I’m always amazed on these threads how many people don’t provide adequate undergarments for their dcs. All my kids wear vests under their school shirts in winter because it’s more cozy and it’s an extra layer. This includes my 16yo ds and my 14yo dd who also wears a bra. I wear a vest for most of the year despite also wearing a bra and never being in a communal undressing situation.

Also baffled by the idea that children should never follow a trend or try to fit in with their peers. Girls between about 5 and 15 seem to be the only people alive who must always be wholly original and not think something their friend has or is a general trend is nice and want it themselves. Adults conform to the clothes of their tribe all the bloody time but little girls must never be influenced.

ElevenSmiles · 03/10/2019 11:33

I think some posters are barking mad, he's a kid not a sex pest.

Bluntness100 · 03/10/2019 11:47

I think some posters are barking mad, he's a kid not a sex pest

I think as this kid is likely seven and the op doesn't know the context ie her daughter may have said she liked the tops or something, then I think some of the comments are looking at it with adult eyes, and not that of a seven year old.

As said, I'd likely say to my husband or friend, oh you should get that, it would look good on you/you'd suit that.
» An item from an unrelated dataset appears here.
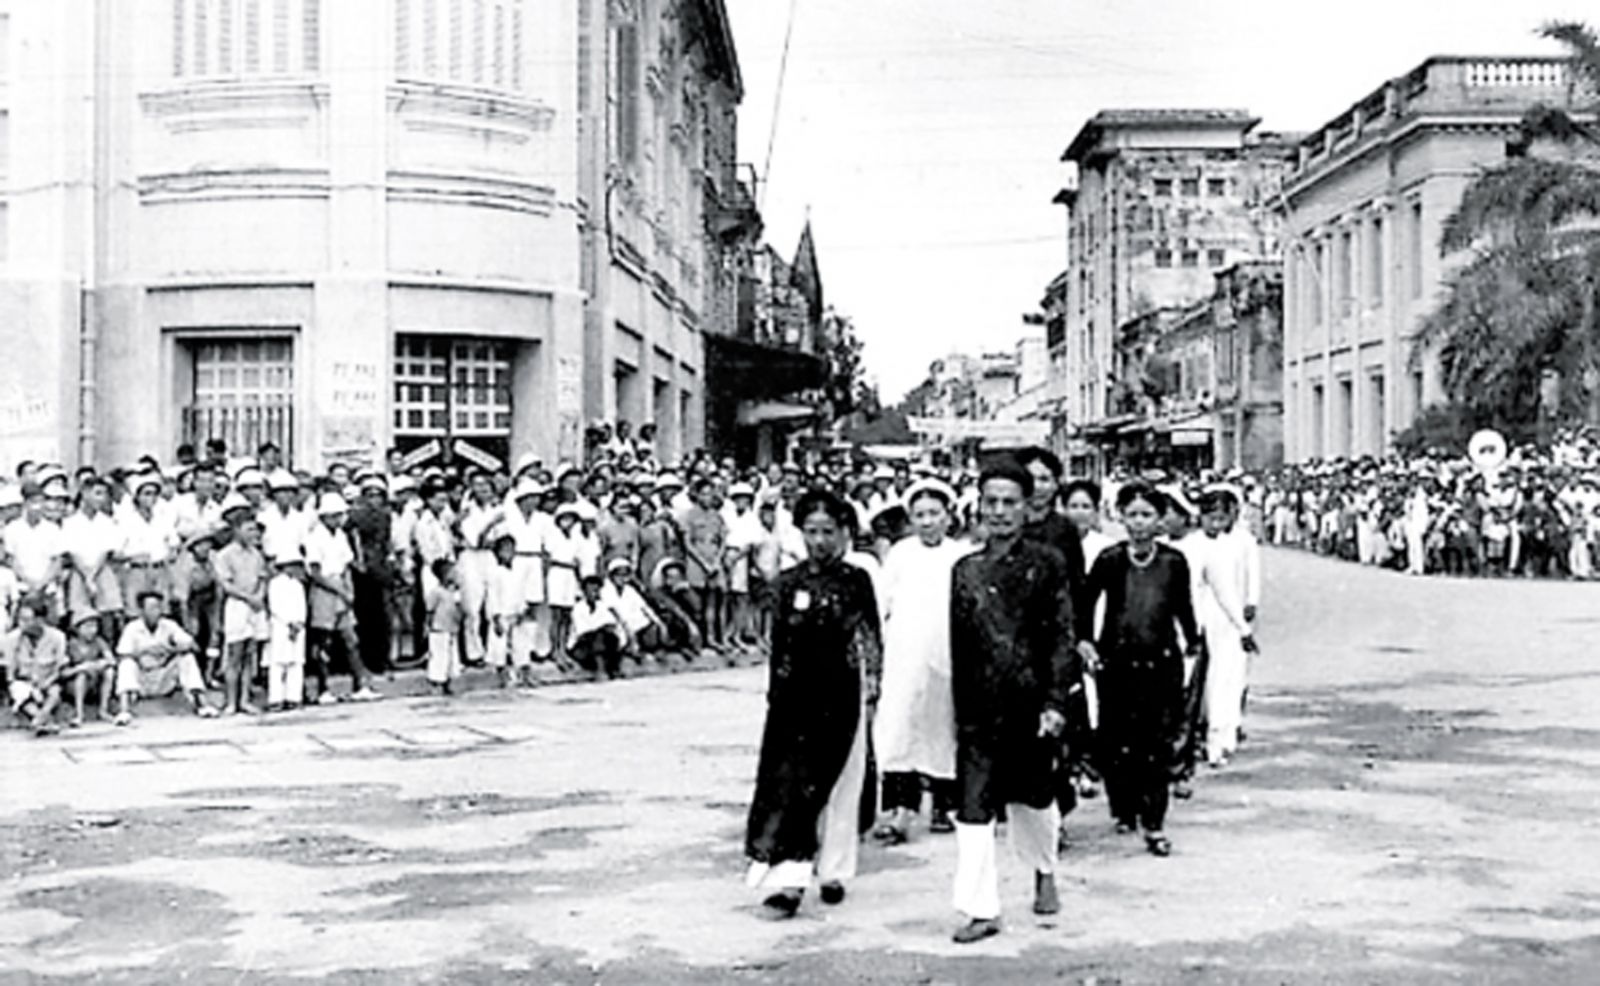  Gia đình cụ Trịnh Văn Bô đã ủng hộ cách mạng 5.147 lượng vàng.p/(Đoàn công thương tham gia “Tuần lễ vàng” tổ chức tại Nhà hát Lớn Hà Nội năm 1945. Ảnh: tư liệu)
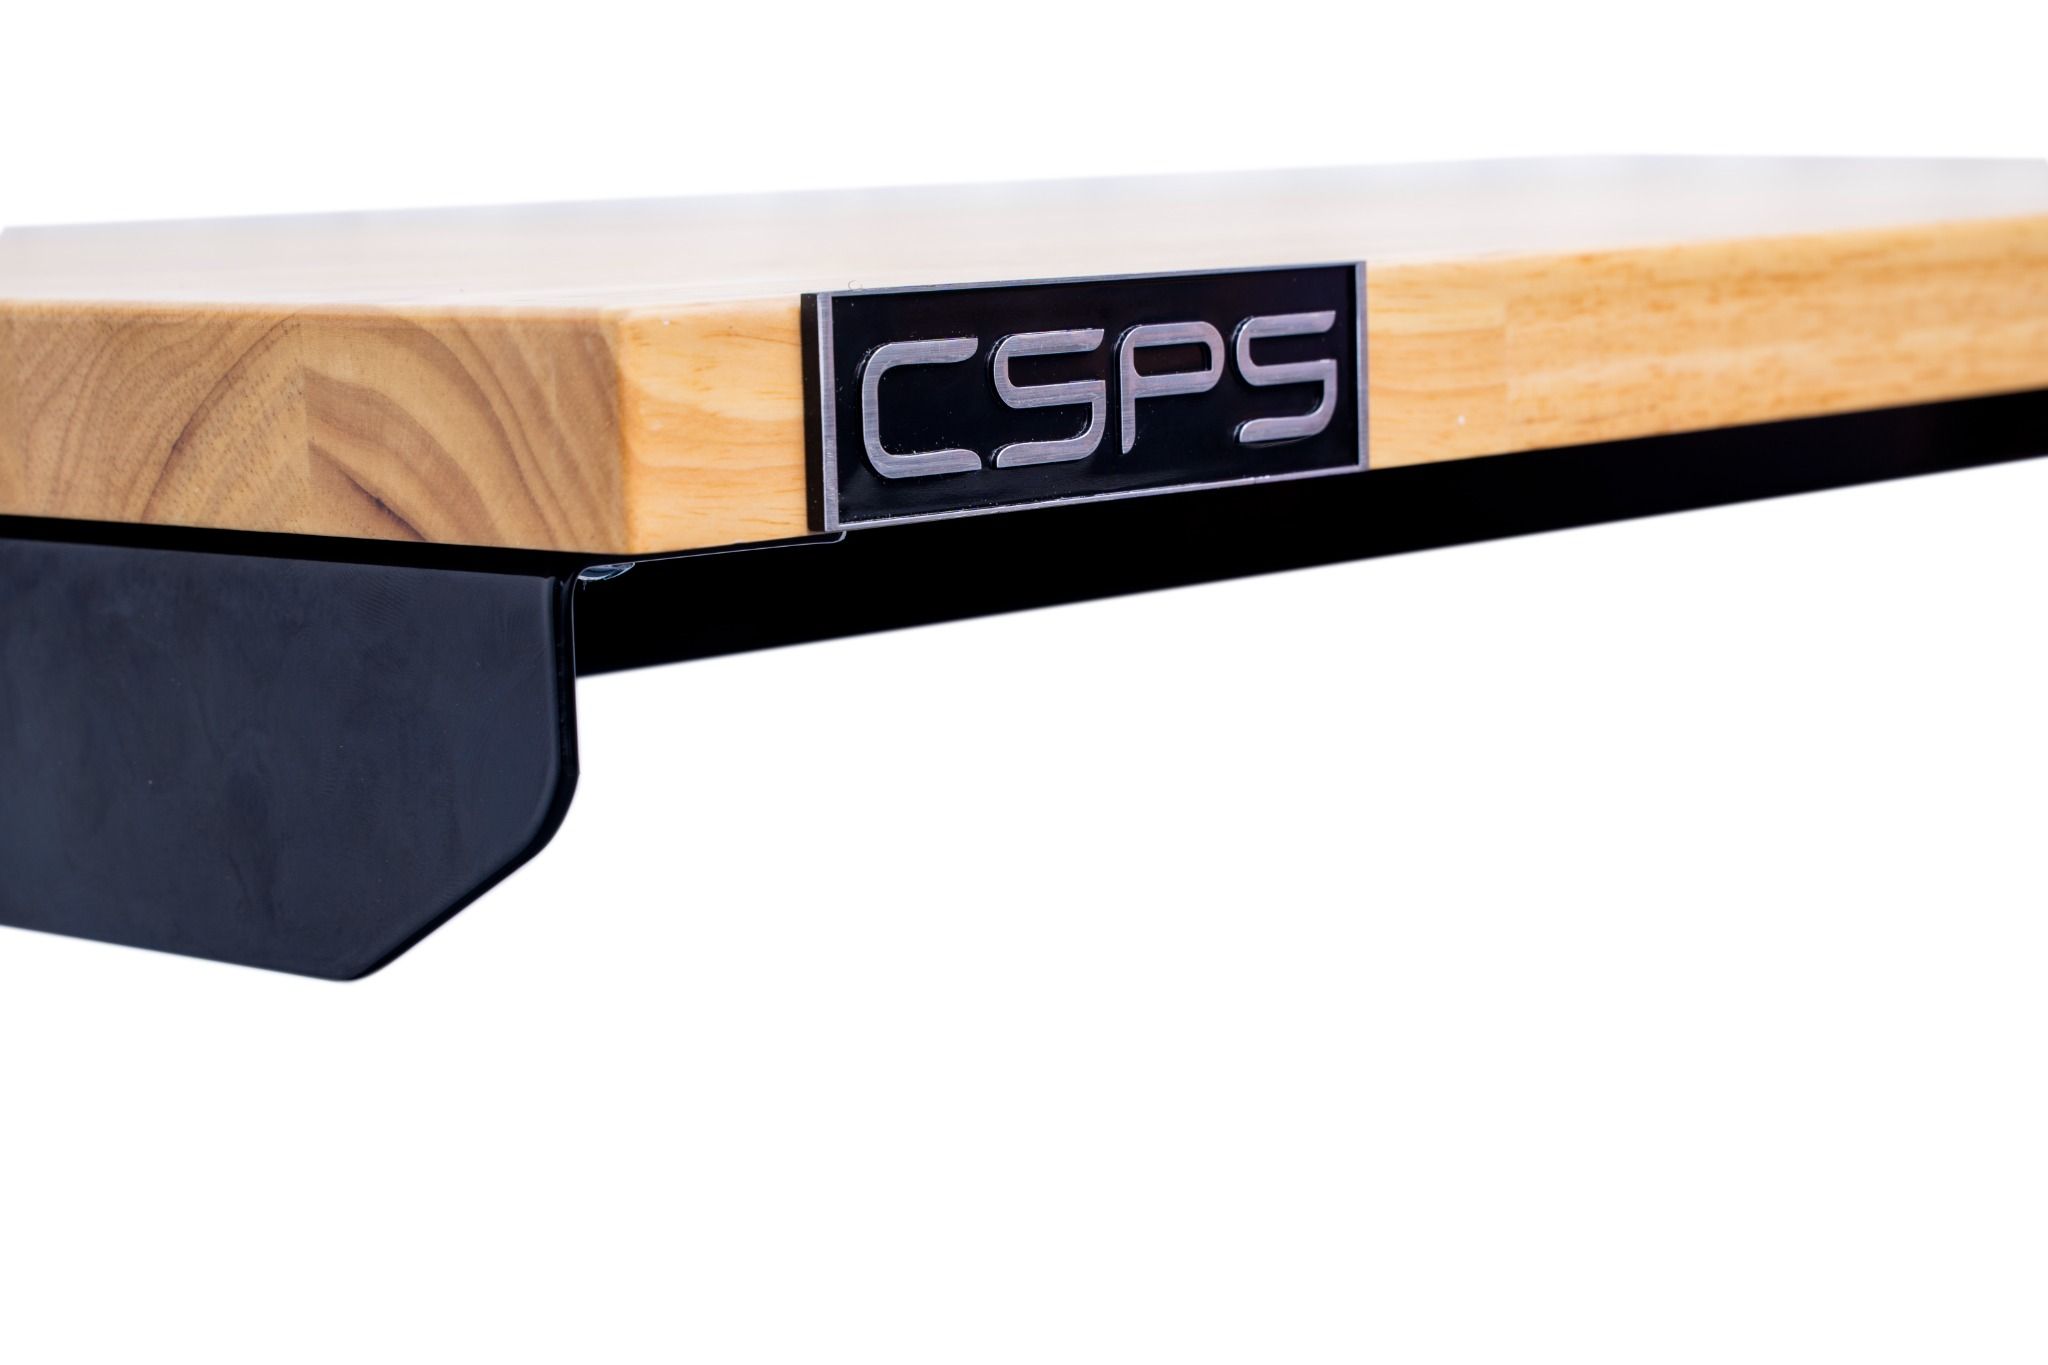  Bàn điều chỉnh độ cao CSPS 117cm - 132cm - 157cm

And no offence would be taken. It's highly highly unlikely this little boy was thinking the crop tops sexually.

I think that's the disconnect, some people are putting adult interpretations onto a seven year olds words.

JustWonderful · 03/10/2019 11:49

I think some posters are barking mad, he's a kid not a sex pest.

I was unaware of any poster saying he'd a sex pest.

We teach children what is appropriate to say to other children, in this case he needs to be taught it is inappropriate for him to say to a girl that a piece of clothing would look good on her and question why she doesn't wear it.

It's inappropriate, anything remotely sexual aside.